#### Task brief:
Omit the pictures and return exactly the stretch of the material below from the line with "Two wheeler parcel" through the line with "Men's Long-Sleeve Chicago".

#### Listed records:
┌──

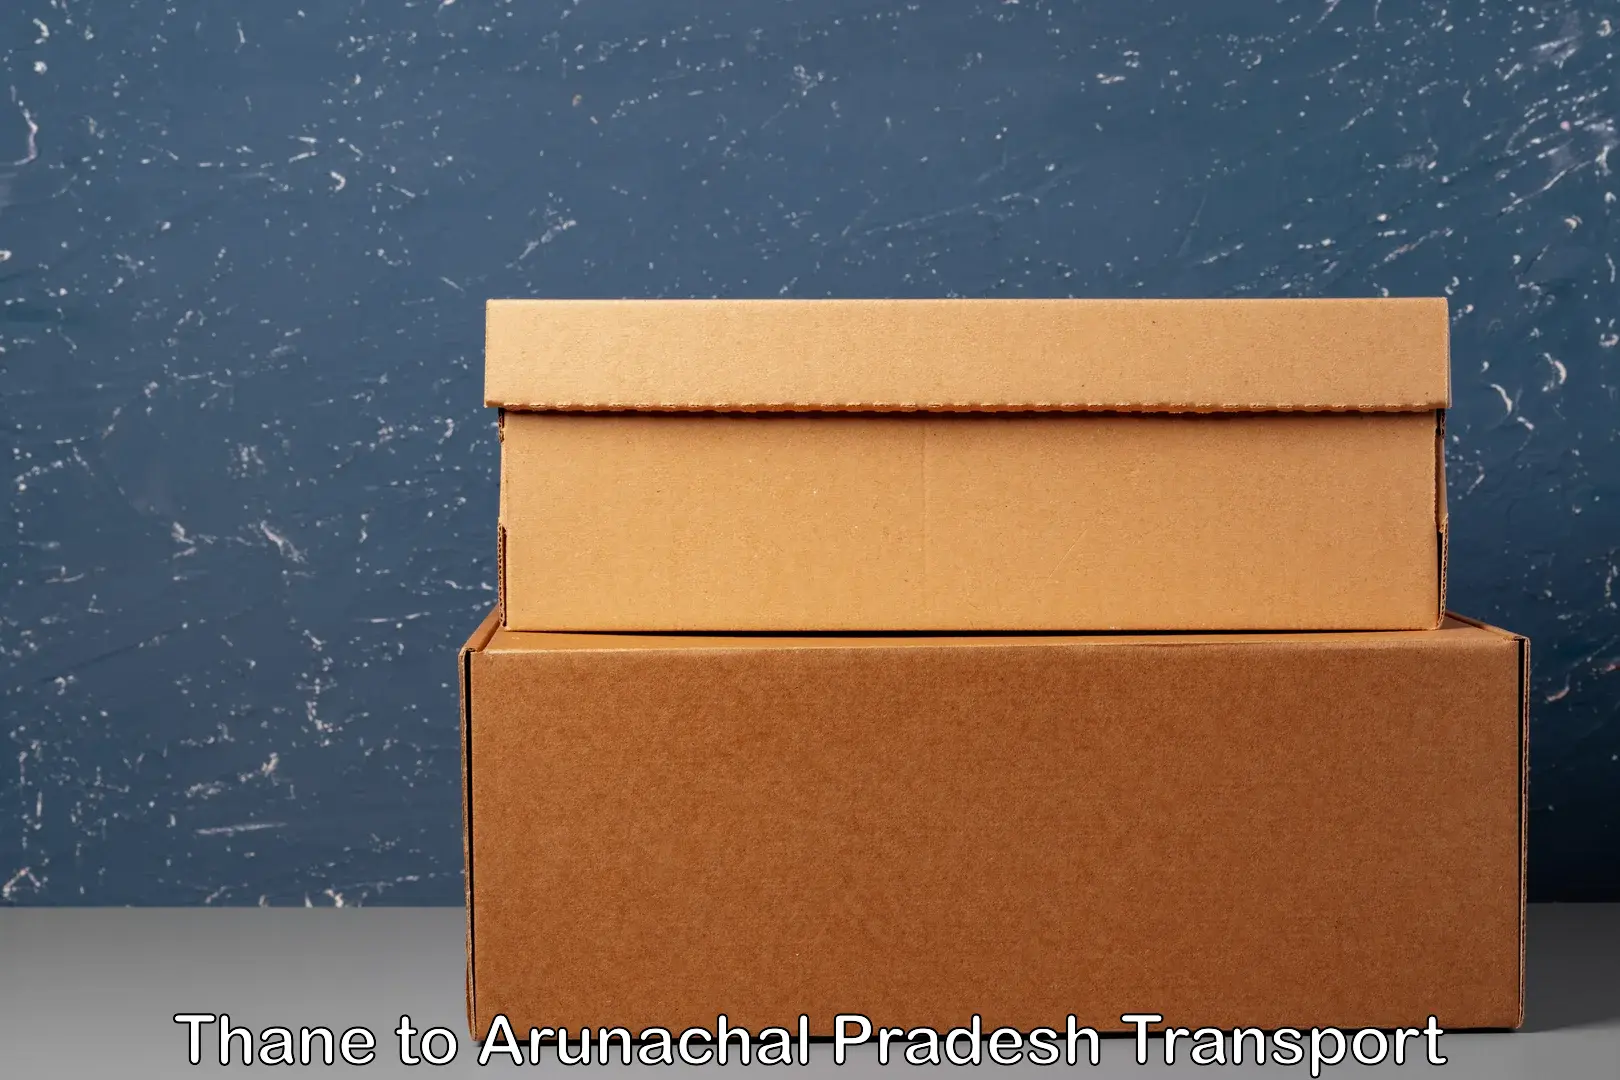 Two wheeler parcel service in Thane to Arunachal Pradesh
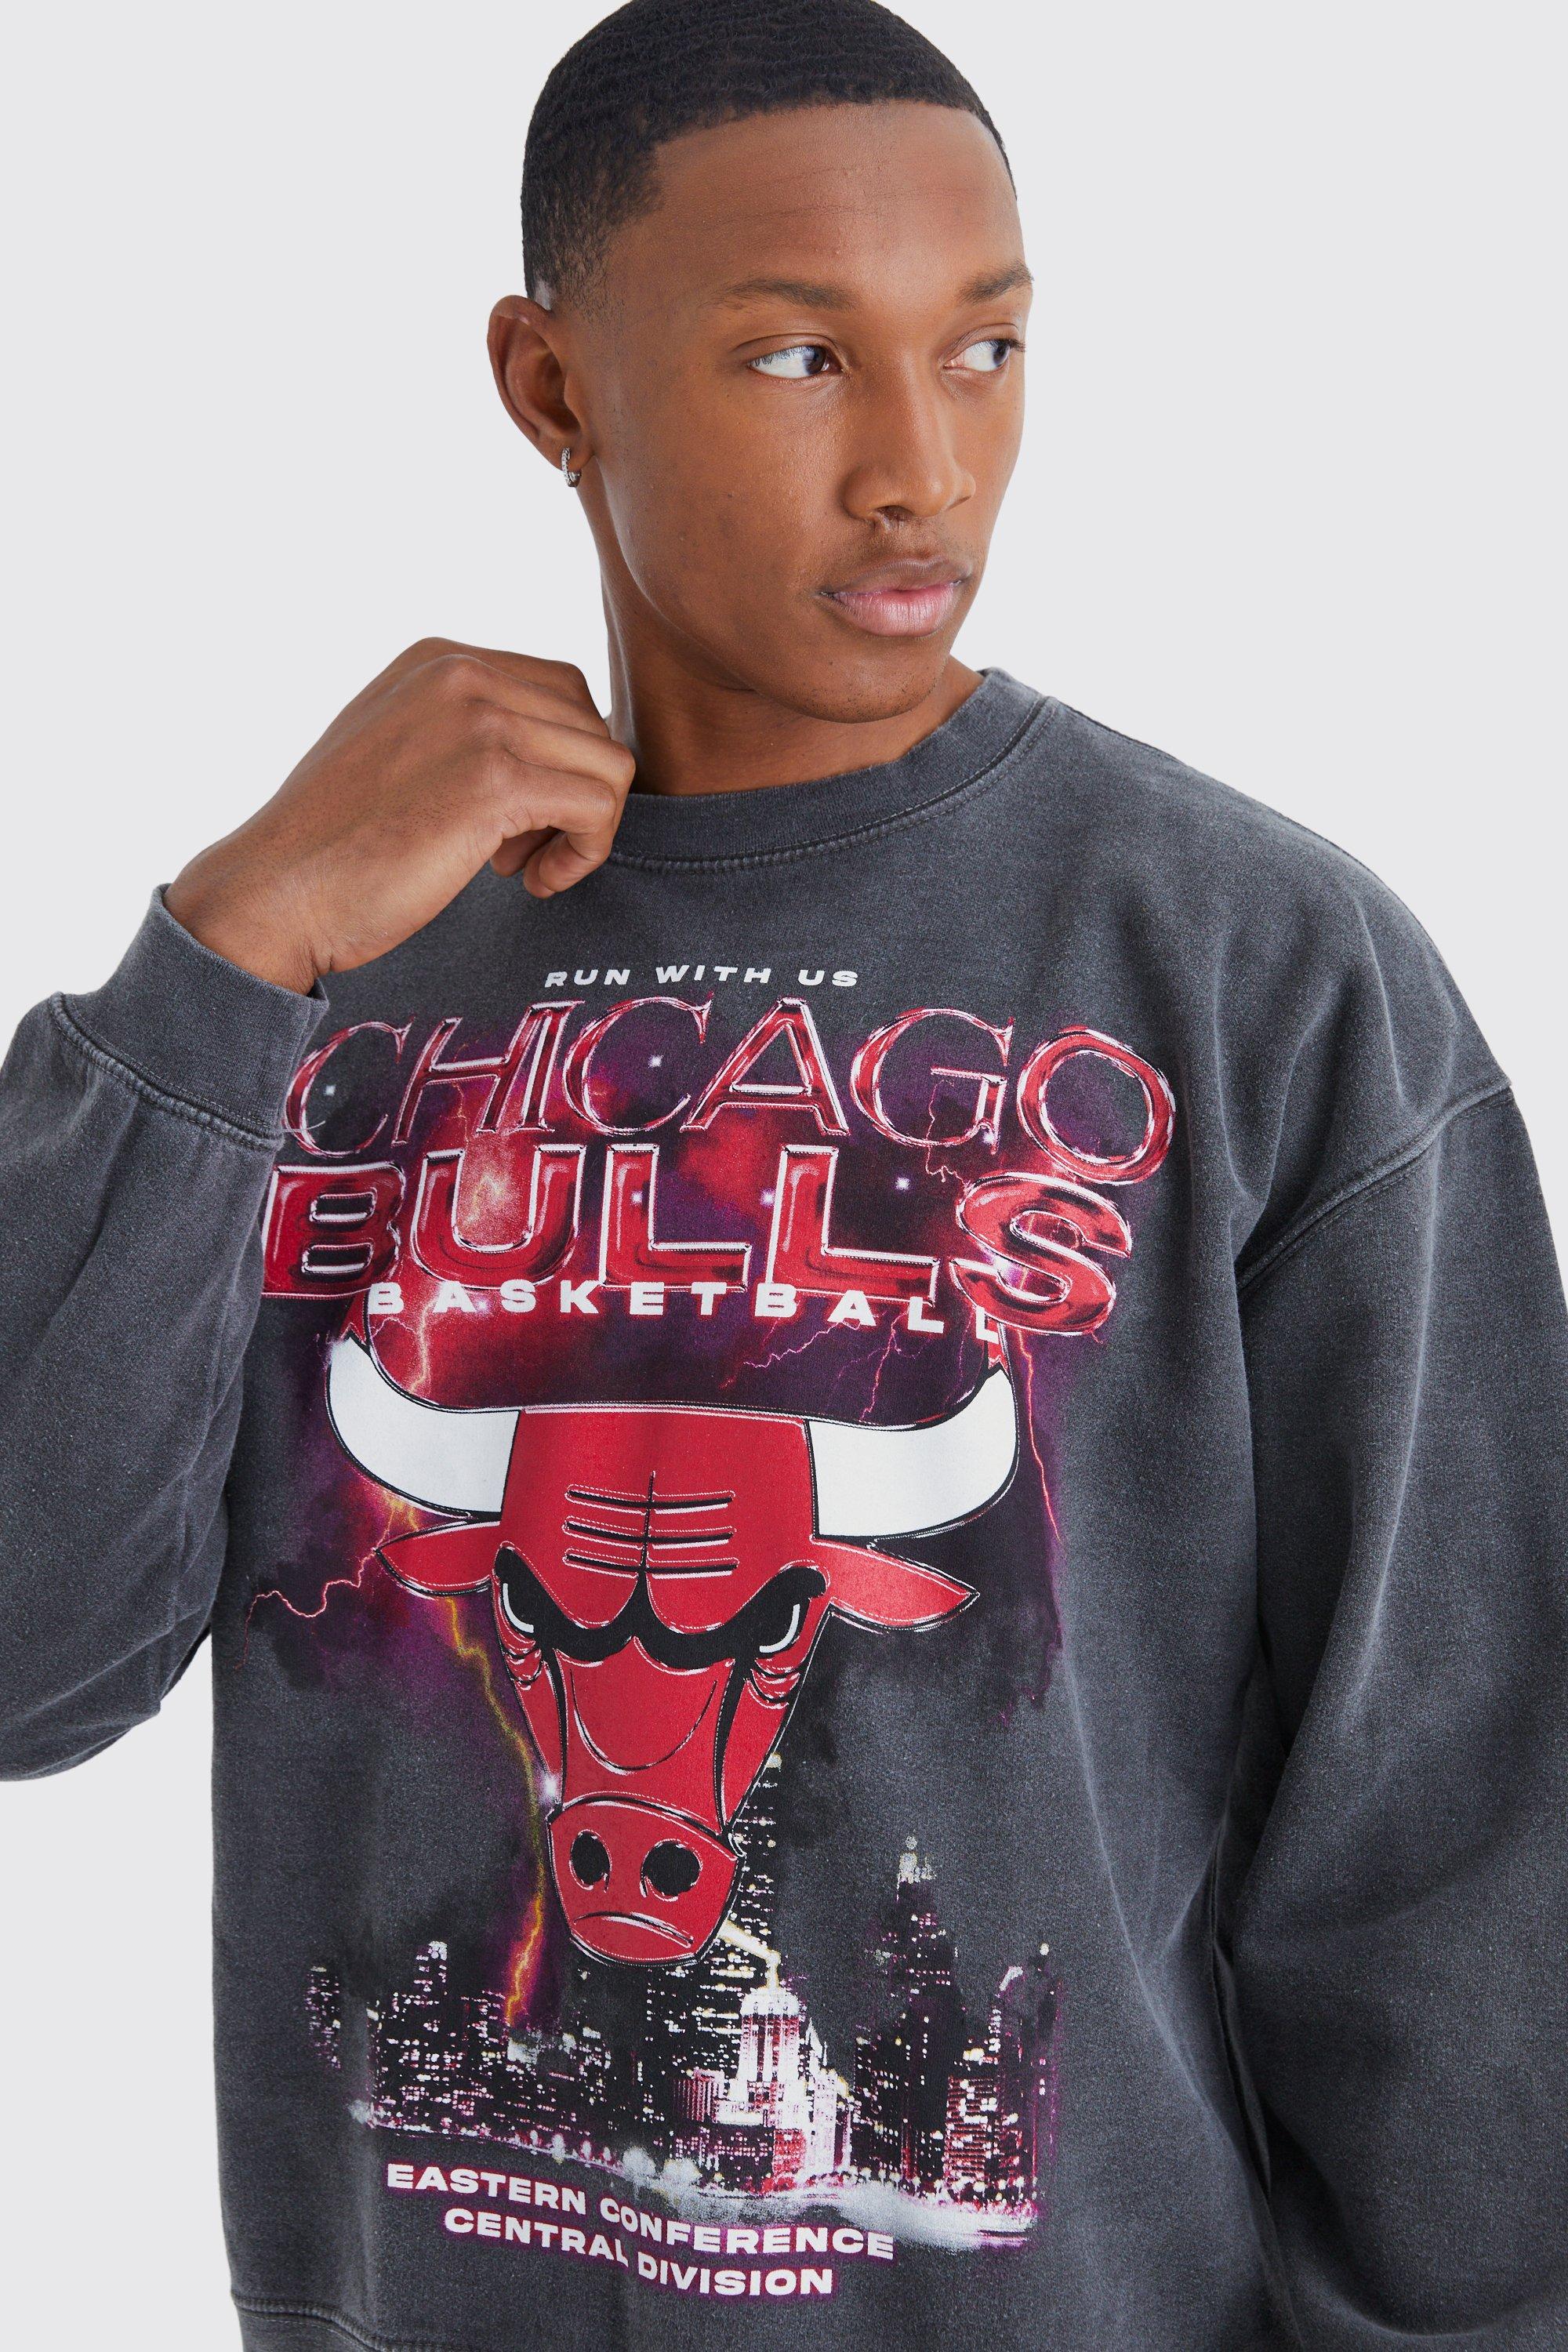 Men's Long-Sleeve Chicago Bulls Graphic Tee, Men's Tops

└──
┌──

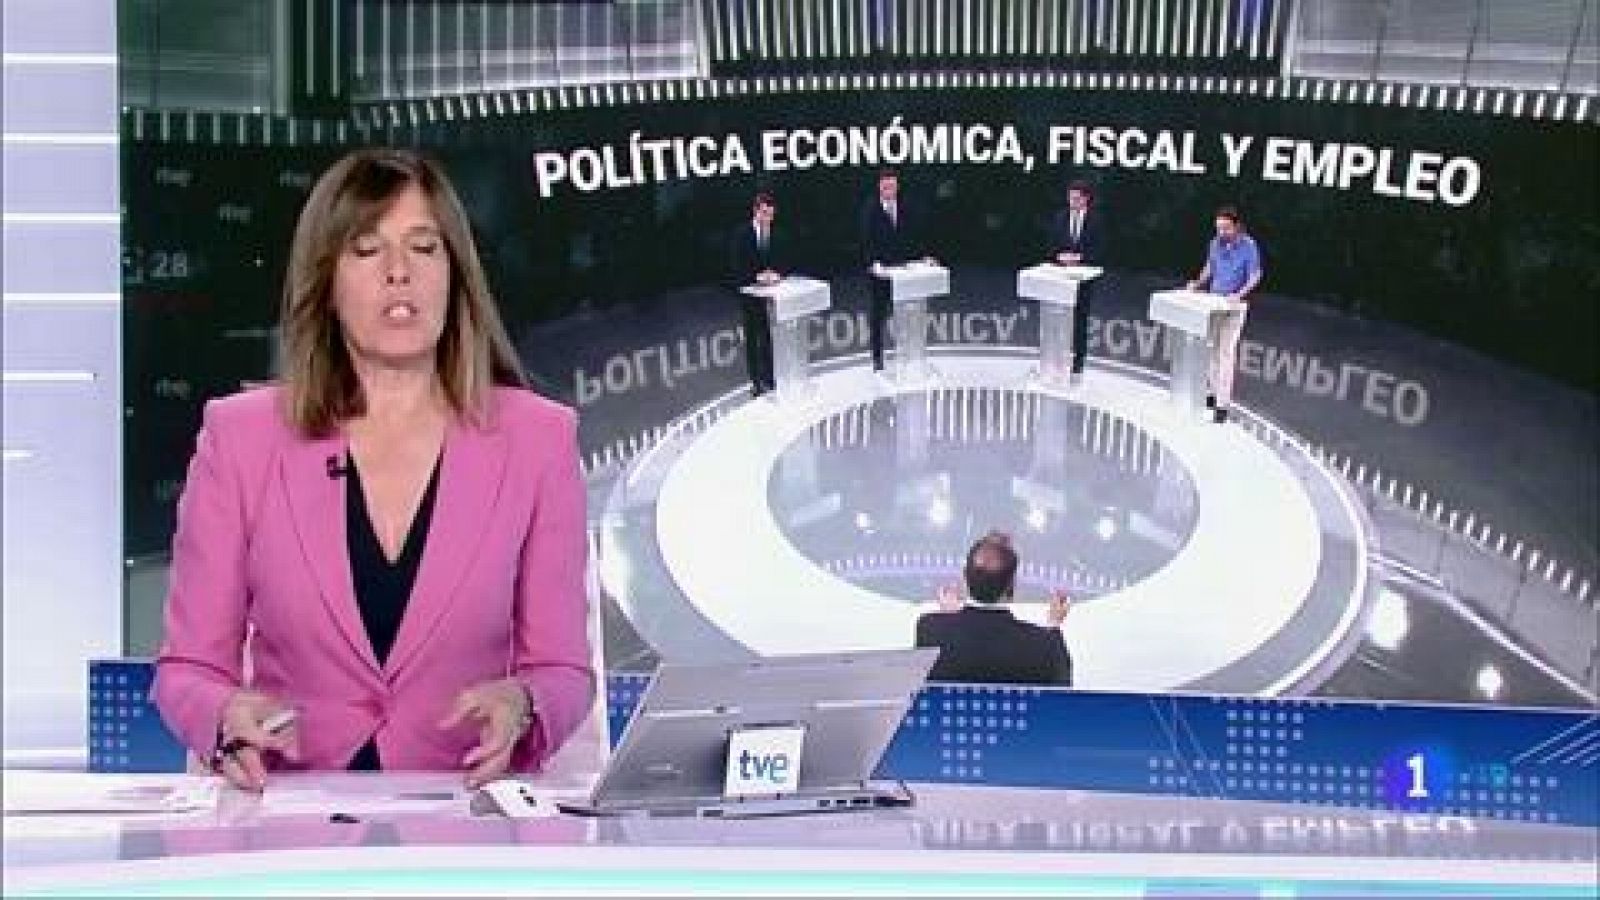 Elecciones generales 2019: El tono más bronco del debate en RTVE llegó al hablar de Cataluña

└──

#### Result of the exercise:
 Two wheeler parcel service in Thane to Arunachal Pradesh
 Men's Long-Sleeve Chicago Bulls Graphic Tee, Men's Tops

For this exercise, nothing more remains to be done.